I'd really love to have these two features that is a delegate type syntax and more type inference for both delegates and generics. p.s. Couldn't post because GitHub was down or something.. |
How do you propose the compiler infers the type of the latter delegate? Until we get generic operators, extension operators and concepts it won't be able to infer if it's a delegate on strings, ints or custom structs. |
To be honest I've not thought it through. The options might be that C# go the F#/Haskell route where the lambda arguments are effectively "generic" (not in the CLR sense) and that the compiler will collapse the definition into an implementation based on use (possibly more than once): var add = (x, y) => x + y;
var i = add(2, 3); // produces 5
var s = add("Hello ", "World"); // produces "Hello World" Or the compiler could require that the lambda arguments include type information: var add = (int x, int y) => x + y;
int result = add(2, 3); Consider that very uncooked spaghetti, though. |
@HaloFour (I have no idea why I mix you two up) IIRC, Haskell actually infers the type class that provides |
@HaloFour I really wish we would have that feature you mention. It just need to require CLR support so I just think a way to make it possible without If CLR can just support that it would be the best. To be honest I would like to write a function type just where it need without naming it. Such as function parameter, if it would use only in one place void LoadSomething(string where,void(Stream) callBack)
{
} I think delegate is legacy from when the programming trend is to force everything to has type. But now we start moving to anonymous direction (from anonymous object in C# 4 to Tuple in C# 7) maybe we could add anonymous function as a superclass of delegate, like tuple? |
I believe Delegates were specifically designed to provide structural equivalence and thereby provide needed flexibility. Anders Hejlsberg has spoken about this before, using event handlers as a motivating example where structural equality is desirable and matches programmer intuition.
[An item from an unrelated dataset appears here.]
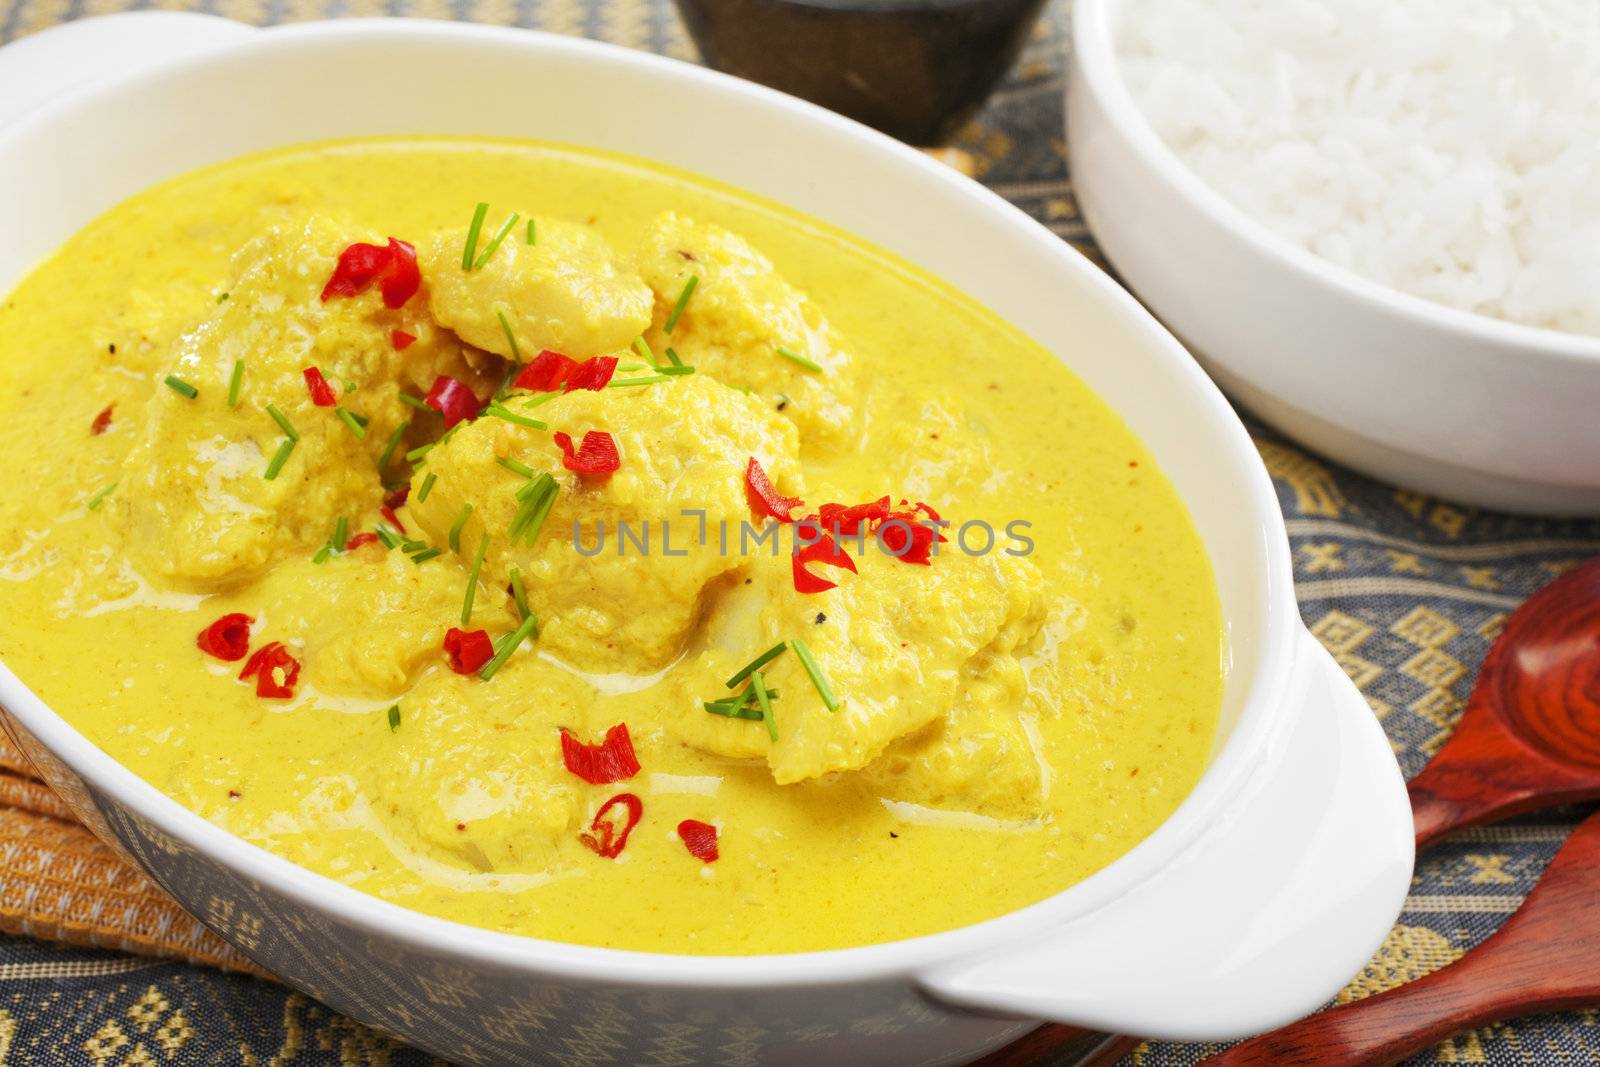 Fish cooked in spicy coconut sauce, garnished with chilli and chives,  and served with basmati rice.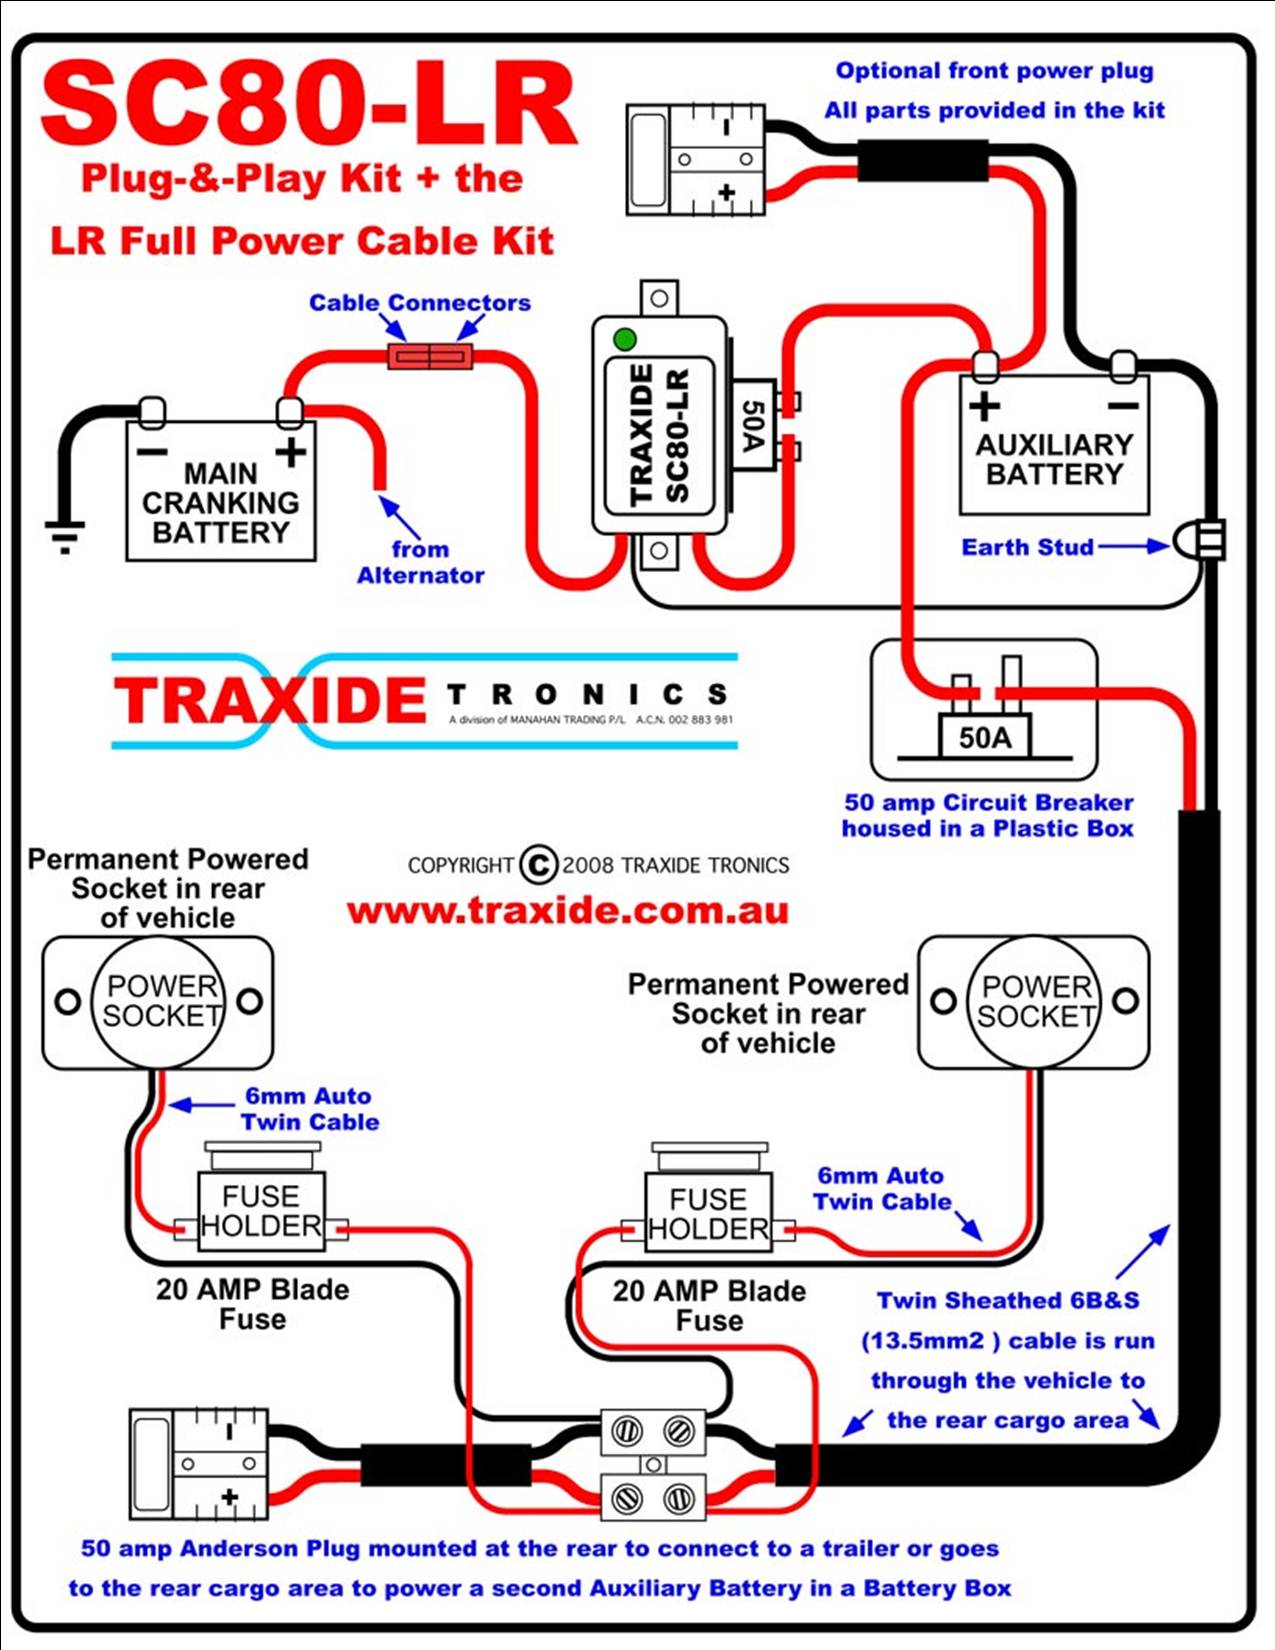 50 Amp Anderson Plug Wiring Diagram from 4x4earth.com

Anonymous types, added in C# 3.0, are very strongly typed. The compiler shares the underlying implementations of equivalent anonymous types between methods within an assembly. But that is just an implementation detail, the real issue, as others have said, as is cross assembly binding.
All delegate types do derive from System.Delegate, but the problem is that this type is lossy.
The equivalent F# is actually an error. It is one of the things I find counter-intuitive about automatic generalization. It creates the type eagerly on first use, but only once (I'm not sure what Haskell does).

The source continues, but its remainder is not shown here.